Question

Table salt, nacl(s), and sugar, c12h22o11(s), are accidentally mixed. a 3.50-g sample is burned, and 2.40 g of co2(g) is produced. what was the mass percentage of the table salt in the mixture?

Answer 1

First we will write the formula for the combustion of the sugar.

C₁₂H₂₂O₁₁ + 12O₂ → 12CO₂ + 11H₂O

We have produced 2.40 g of CO₂. We will convert this to moles of CO₂ and then convert that value to moles of sugar.

2.40 g / 44.0 g/mol = 0.0545 moles CO₂ x 1 mole C₁₂H₂₂O₁₁/12 mole CO₂ = 0.00455 moles of C₁₂H₂₂O₁₁

We can now convert the moles of sugar to a mass of sugar.

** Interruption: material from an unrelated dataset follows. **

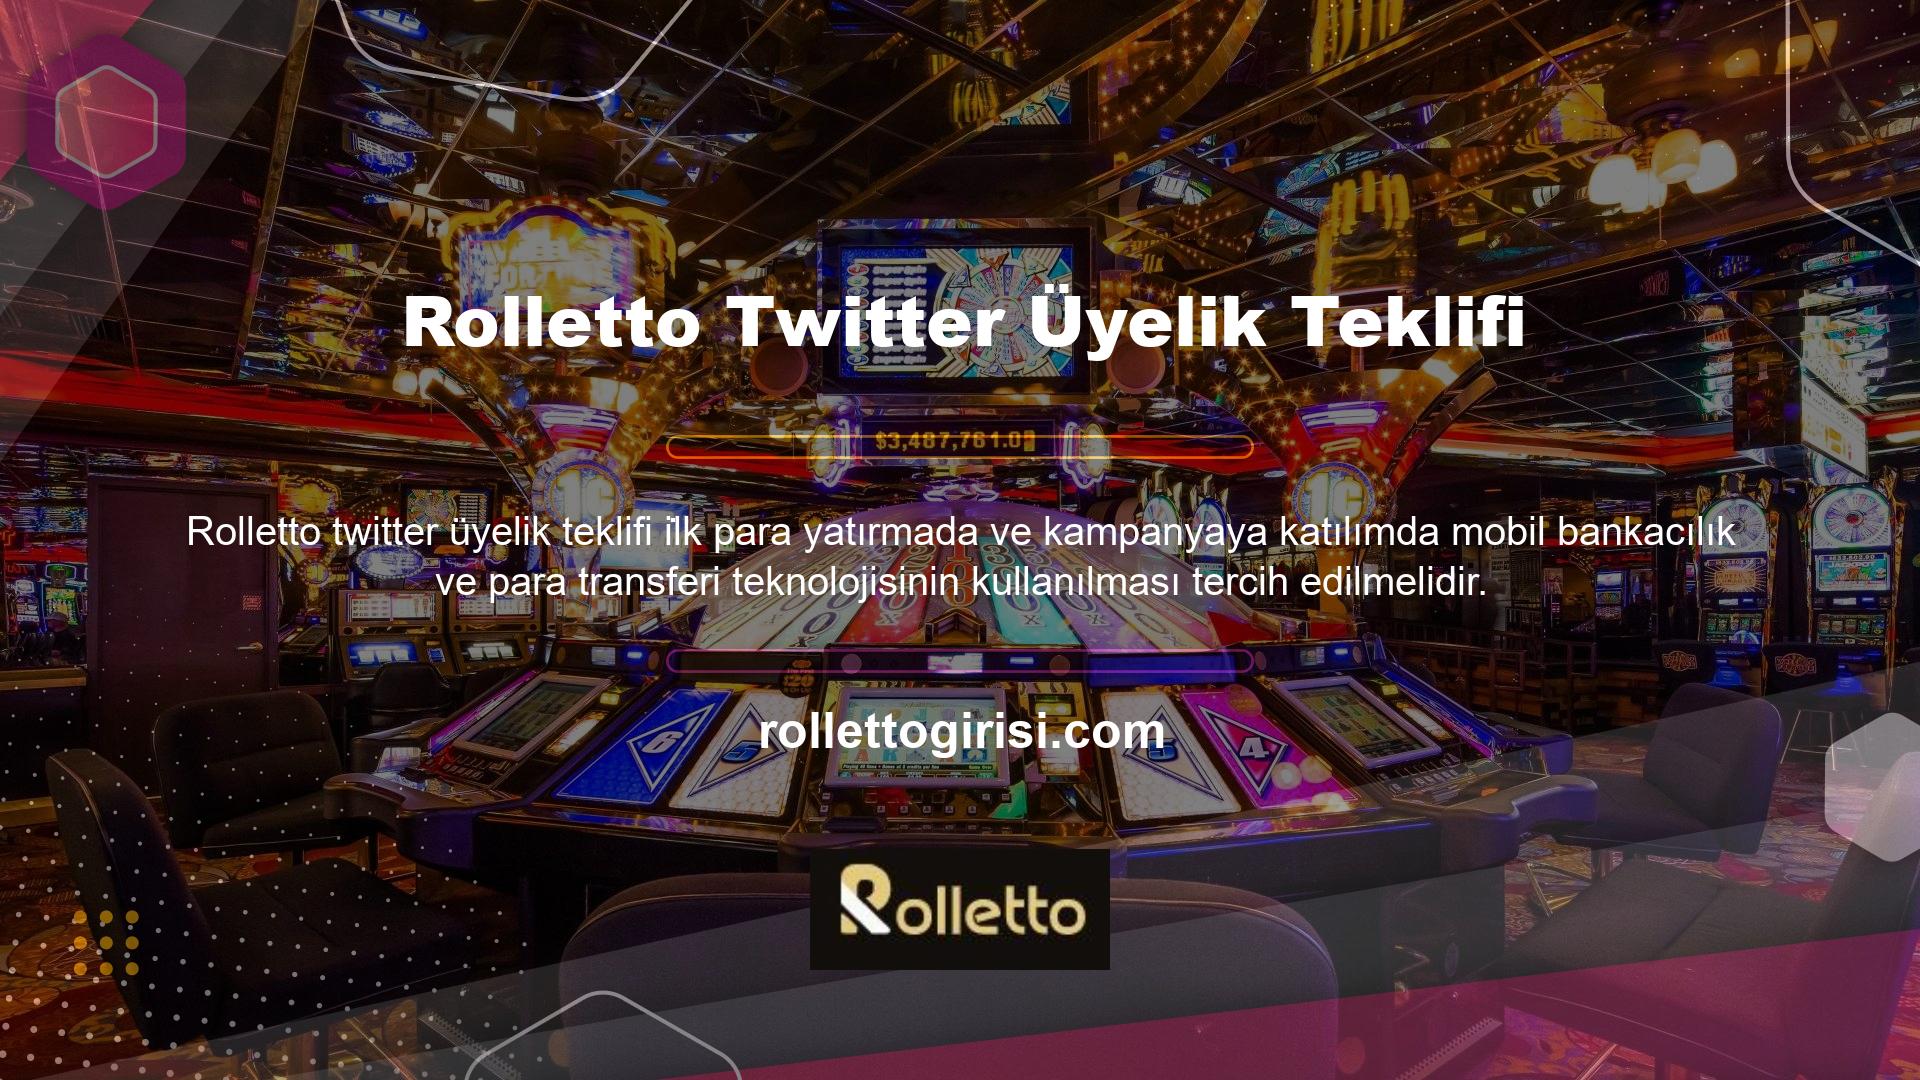 Spor bahislerinde bulunan büyük kazançlara ek olarak, Rolletto üyelerin casino oyunları için oy kullanabilecekleri Twitter anketi, daha aşırı eğlence, daha popüler tahta oyunları ve daha popüler oyunlar bulacaktır

0.00455 moles C₁₂H₂₂O₁₁ x 342 g/mol = 1.56 g C₁₂H₂₂O₁₁

We want to determine the mass percentage of salt in the 3.5 g mixture of sugar and salt.

3.5 g mixture - 1.56 g sugar = 1.94 g salt

(1.94 g salt/ 3.5g mixture) x 100% = 55%

Therefore, the mass percentage of table salt in the mixture is 55%.